With the pictures left out, copy the listing below exactly.

Content starts

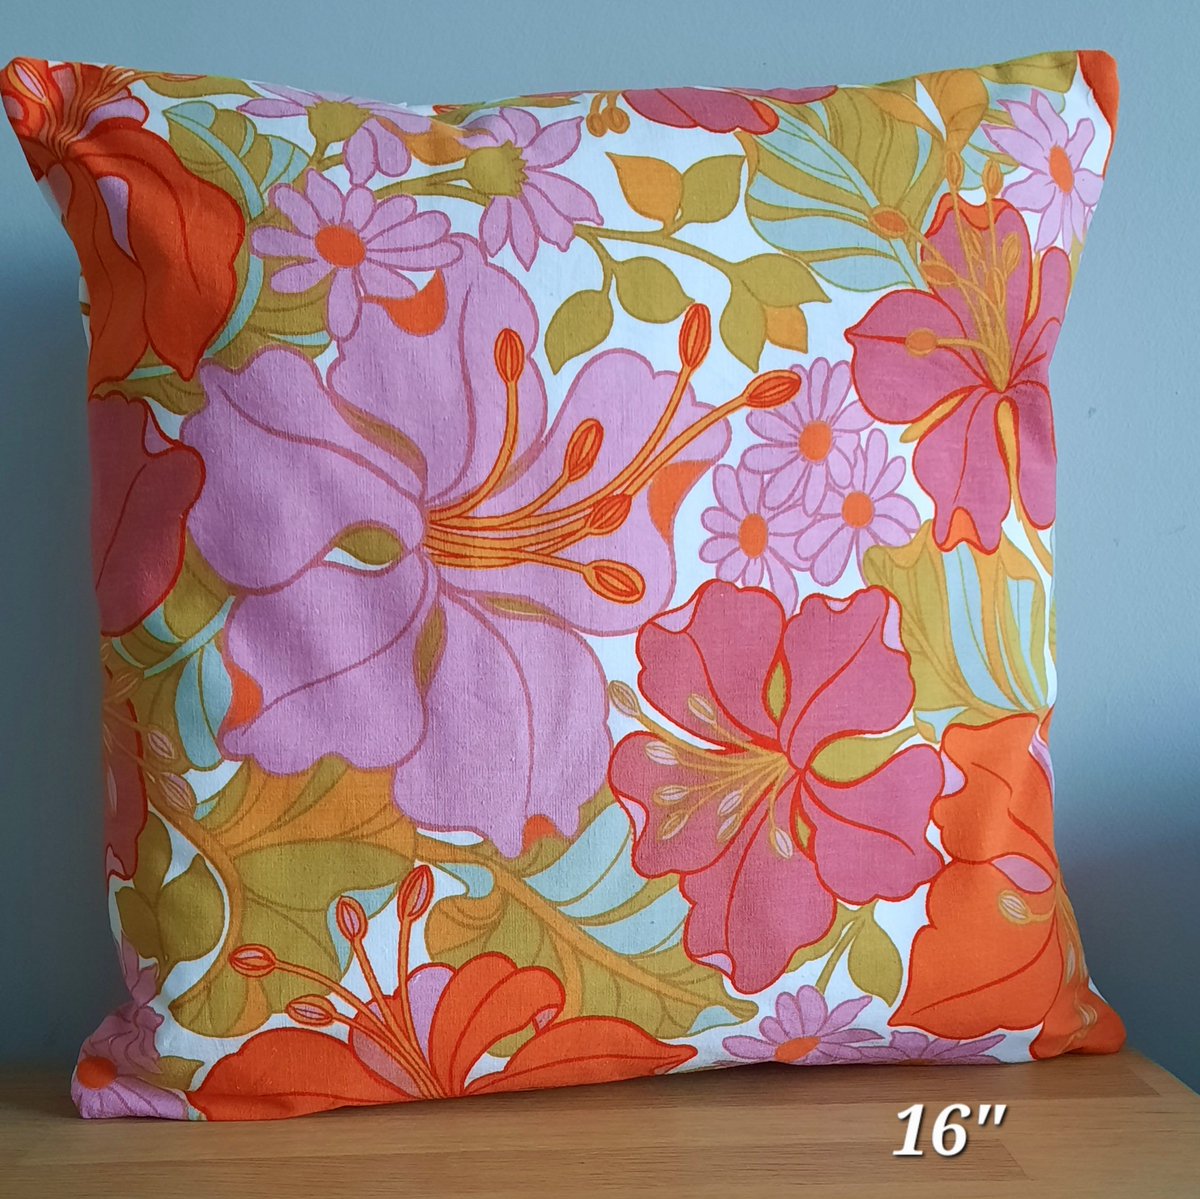 One of the many cushion covers I have available. 

Lots of colours & patterns to pick from

All vintage fabrics

Laracraftcreations.etsy.com 

#scottishcrafthour #handmadeinscotland #shopindie

Content ends

#### The answer:
 One of the many cushion covers I have available. 

Lots of colours & patterns to pick from

All vintage fabrics

Laracraftcreations.etsy.com 

#scottishcrafthour #handmadeinscotland #shopindie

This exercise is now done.